The demographic effects of the pandemic are being felt across all three of the key demographic processes of fertility, mortality and migration. In some countries the pandemic is exacting a terrible mortality toll, while in others the impact appears to be very minor (Johns Hopkins University, 2020). International travel, and therefore international migration, has been severely curtailed (Connor, 2020) and rates of internal migration are also likely to be impacted, although the scale is unclear. Internal migration is strongly procyclical, suggesting that the impending recession is likely to dampen internal flows in advanced economies (Van der Gaag & Van Wissen, 2008). The effect on fertility is yet to become apparent, but the literature suggests a likely lowering of fertility for at least a short period (Matysiak et al. 2020).

This paper considers the possible effects of COVID-19 on Australia’s demographic trends in coming years, focusing particularly on population ageing.

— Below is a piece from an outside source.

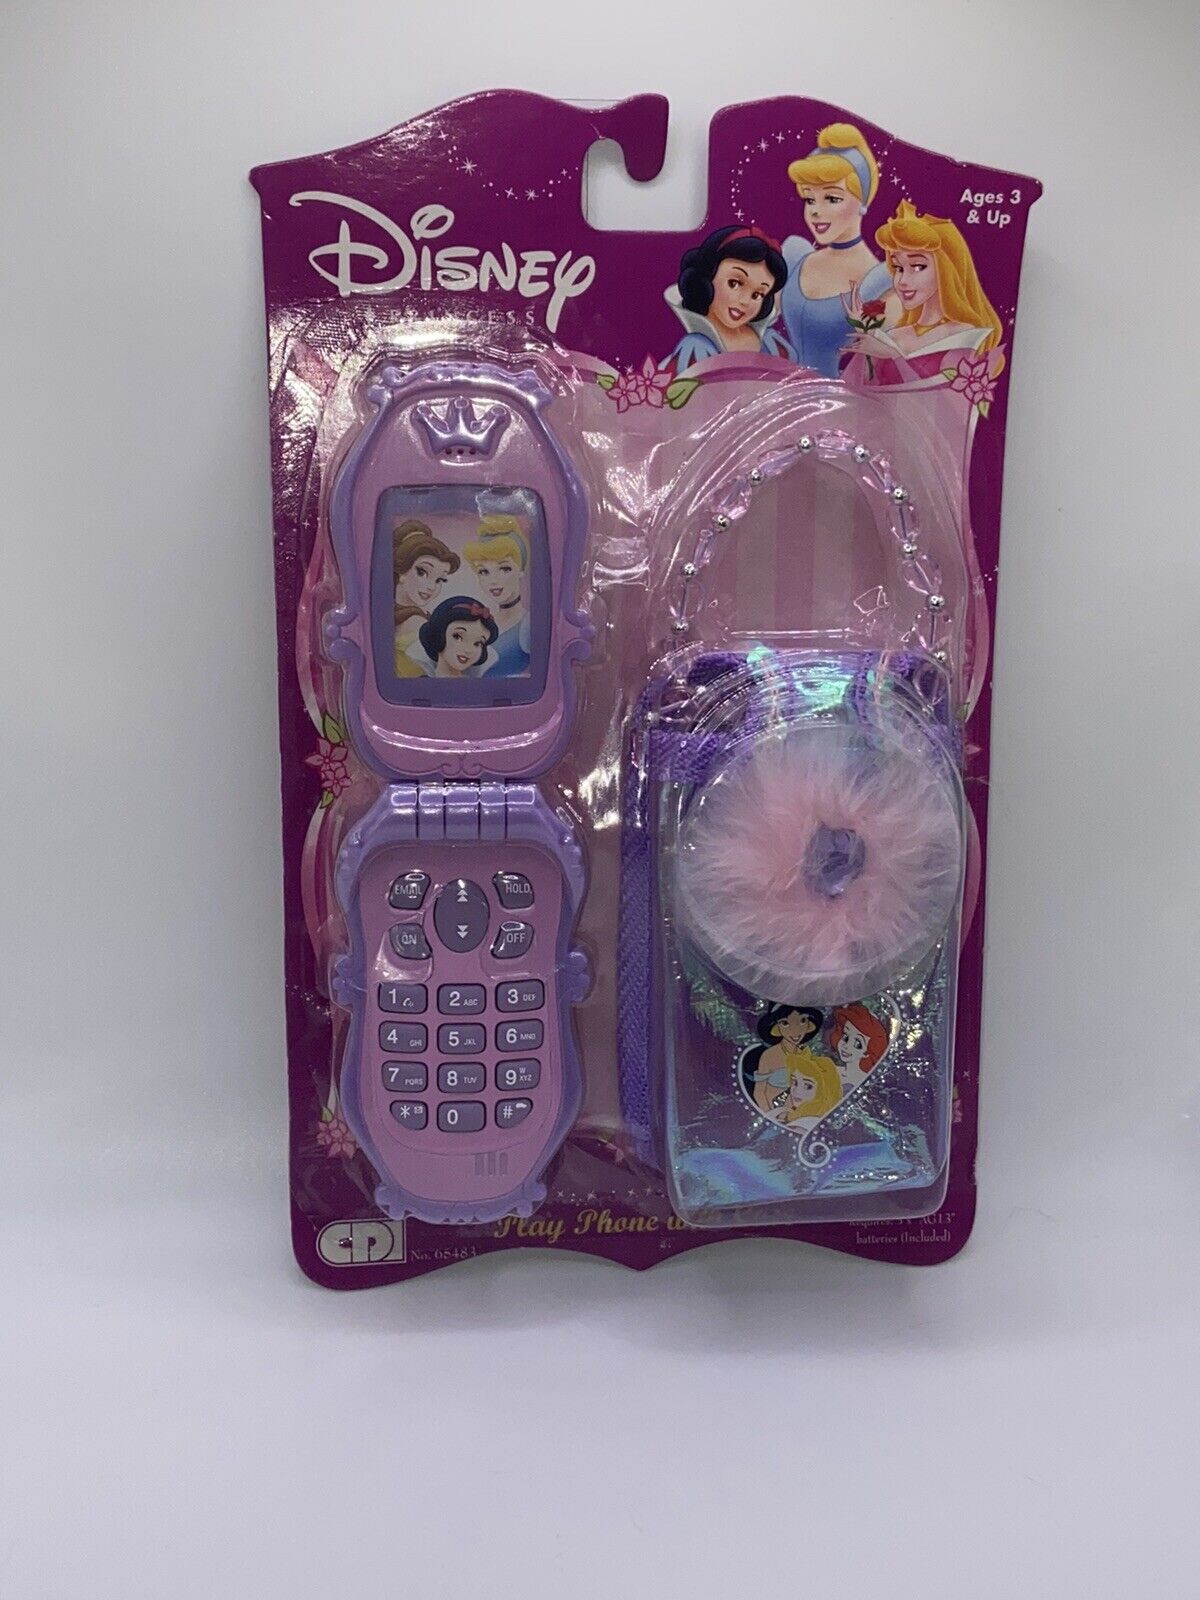 Disney Princess Play Phone w/Cinderella 2006 NEW Sealed Disney Princesses

We do so because ageing represents one of the major demographic trends of the twenty-first century and is a priority policy focus for government, with a multitude of implications for institutions, families and the Australian economy more broadly (Kendig et al. 2016; Parliamentary Budget Office, 2019; Treasury, 2015). Other researchers have examined the likely impacts of the pandemic on Australia’s current and future fertility (McDonald, 2020), mortality (Kippen, 2020), internal migration (Bernard et al. 2020), and state and territory demographic change (Charles-Edwards et al. 2020).

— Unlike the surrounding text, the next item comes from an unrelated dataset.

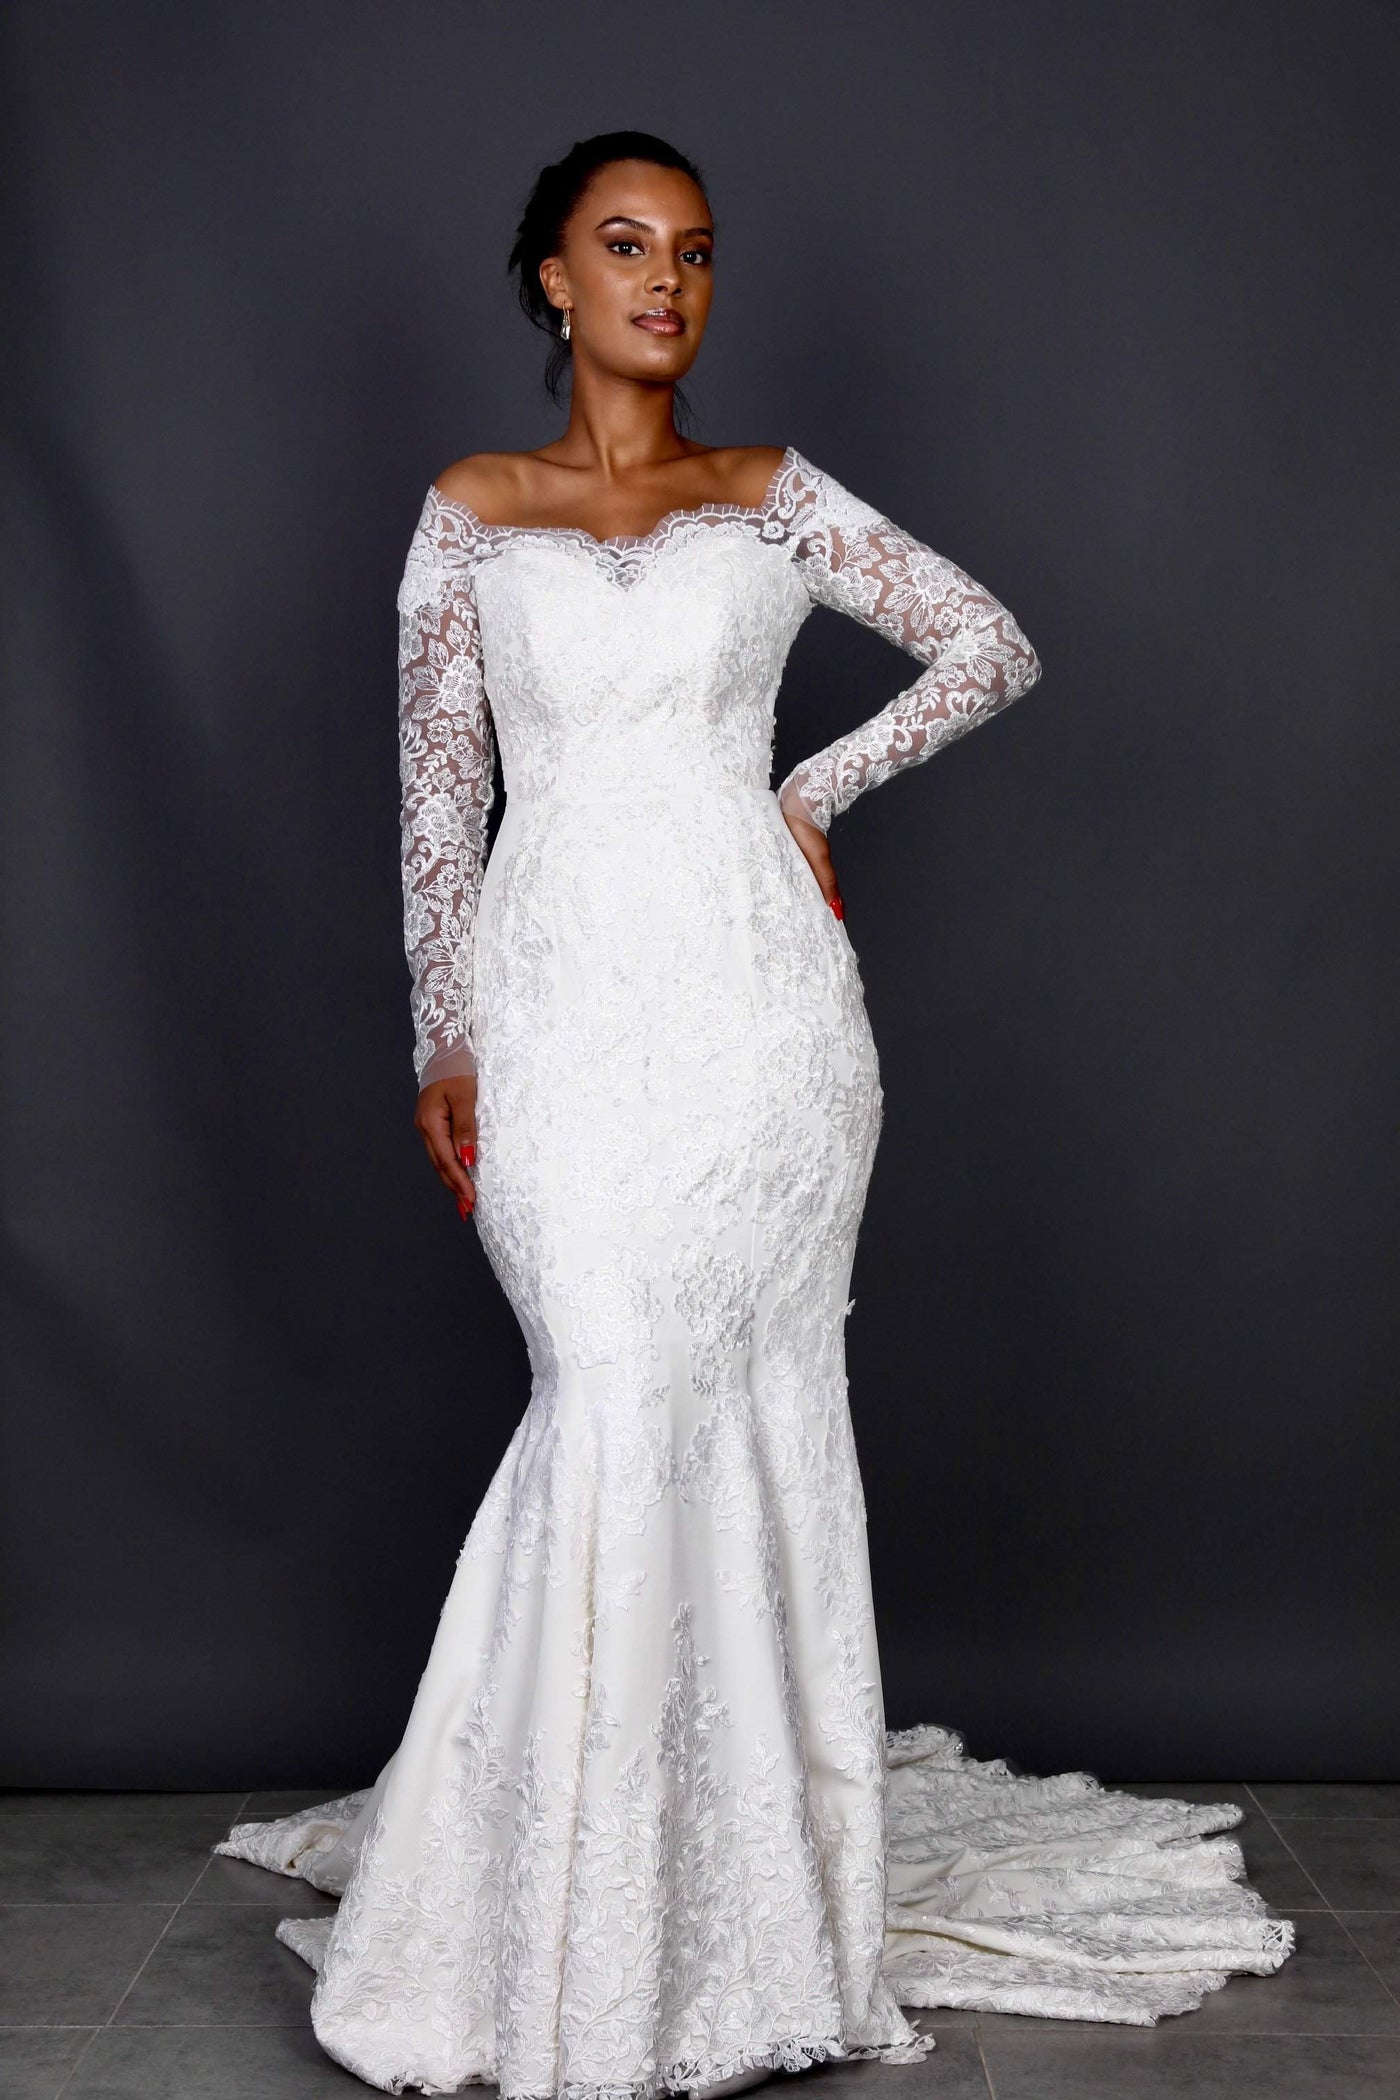 Wedding Dress with Lace Mermaid-danddclothing-Classic Elegant Gowns,Mermaid,Royal Wedding Dresses,White

Population forecasting is particularly hazardous at this time and there is considerable uncertainty about even the short-run future of the pandemic and its demographic consequences. It is possible there will be additional waves of COVID-19, like the Spanish flu a century ago (Martini et al. 2019). Government decisions about the re-opening of borders will greatly affect international migration trends, but these are hard to forecast at present. And there will undoubtedly be consequences which last well beyond the end of the pandemic which are extremely difficult to predict. We therefore present several scenarios which consist of possible trajectories for Australia’s demography over the next two decades. Our aim is to describe a plausible range of demographic impacts, while acknowledging that our data and knowledge is limited in the present circumstances.

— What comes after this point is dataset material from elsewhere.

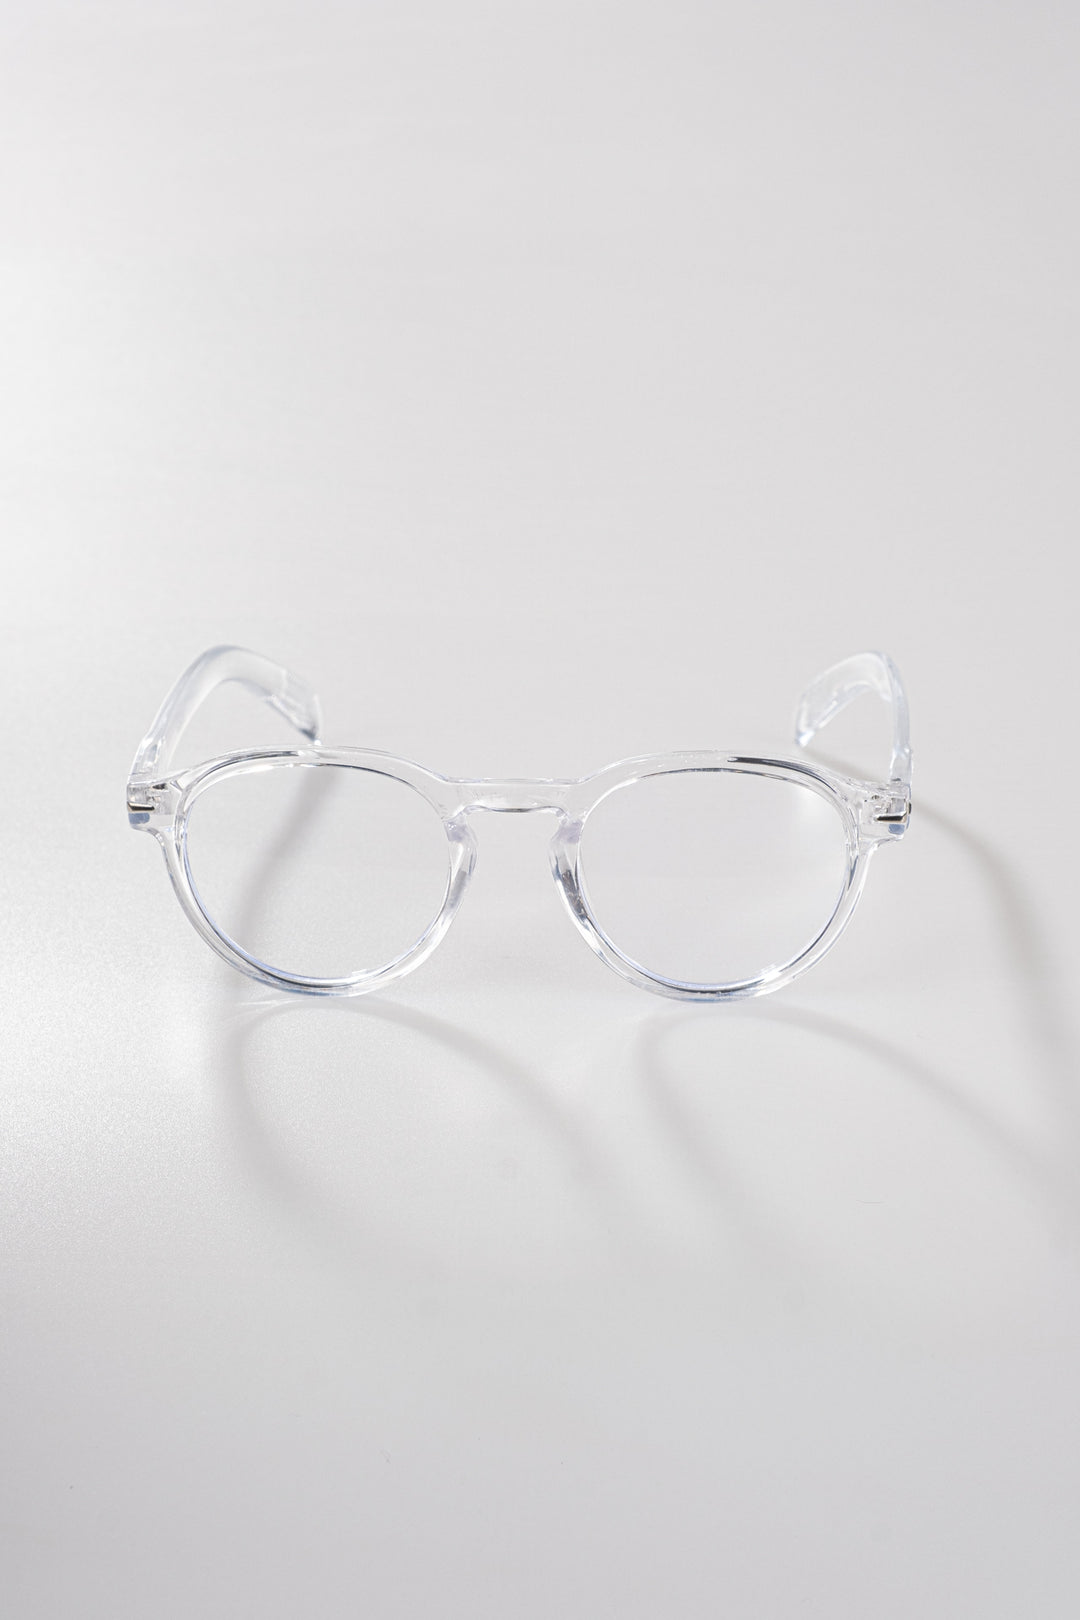 Roseua Blue Light Protection Glasses

Population ageing is measured in terms of both numerical ageing (an increase in the absolute size of the older population) and structural ageing (an increase in the proportion of the population in older age groups). We define the older population in two ways: first, in the traditional manner where it consists of those aged 65 years and above, and second, an alternative in which it comprises the population with 15 years or less of remaining life expectancy (Sanderson and Scherbov 2019; Wilson and Temple 2020). Following this introduction, we briefly describe the data, projection model, and scenario assumptions. The next section presents projection results for Australia’s older population according to the various scenarios, before we finish with a final section of discussion and concluding remarks.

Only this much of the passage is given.